Yet this plea for greater openness among social scientists is marred by two serious problems. The first is that Perry has not made a positive case for the value of studying religion. He claims that religious identities are becoming indistinguishable from other kinds of identities (national, ethnic, political), that religion is increasingly superfluous in modern societies, that religious beliefs are mostly just talk, and that the most effective proponents of modern religion are right-wing authoritarians. For any secular readers inclined to believe religion is a pernicious but (thankfully) marginal phenomenon, there is nothing in the book to challenge their perception. Why, then, would we expect them to revisit their negative evaluations of religion scholarship, or for that matter, of religious people?

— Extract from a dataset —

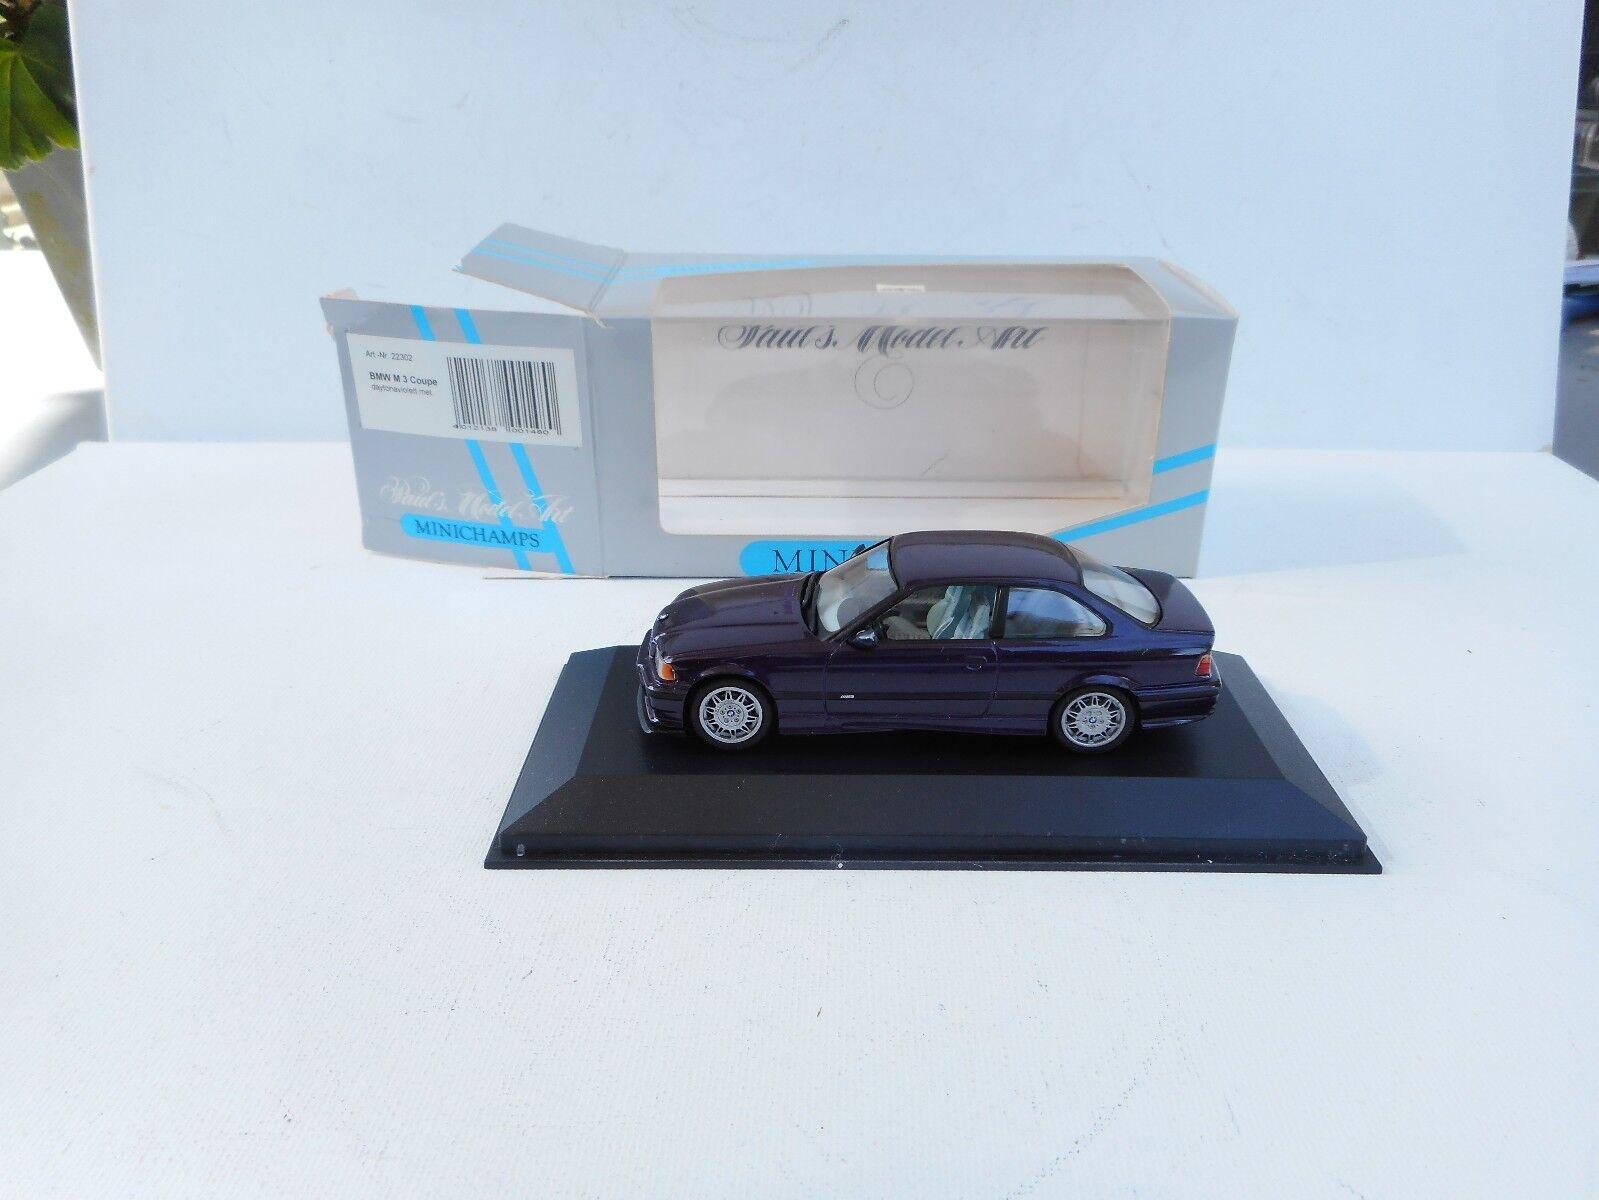 para proporcionarle una compra en línea agradable BMW 3 Serie E36 M3 Coupe Coupe Coupe Daytonapúrpurat Color  Minichamps 1 43  Neu OVP    autorización

Further, Perry’s commitment to greater openness to religion in the social sciences has limits. He notes: “I would not encourage hiring social scientists who subscribe to theories . . . that certain segments of the population should be denied rights to marriage, child adoption, healthcare, or any other civil right on the basis of some presumed harm to civilization.” One need not read too deeply between the lines to perceive the reference to religiously conservative views on marriage, gender, sexuality, and abortion. In light of this transparent bit of boundary work, the outrage over exclusion and calls for openness from a few pages earlier ring hollow.

In the final chapter, Perry turns toward the topic of how religion scholars should engage with the public. Academics, he warns, have a trust problem among the religious population. “If social scientists tend to hold negative prejudices toward religious or conservative Americans, and evidence suggests many do, why would the latter trust much of what the former has to say about issues of importance to them?” If there is to be trust, it must be earned via a sincere commitment to scientific principles. “[Religious and conservative Americans] should not be under any impression that our research findings are the result of our deliberate efforts to gain evidence that would allow us to oppose their group. They should not think we draw our conclusions first, then find supporting data.” Once again: Hear, hear.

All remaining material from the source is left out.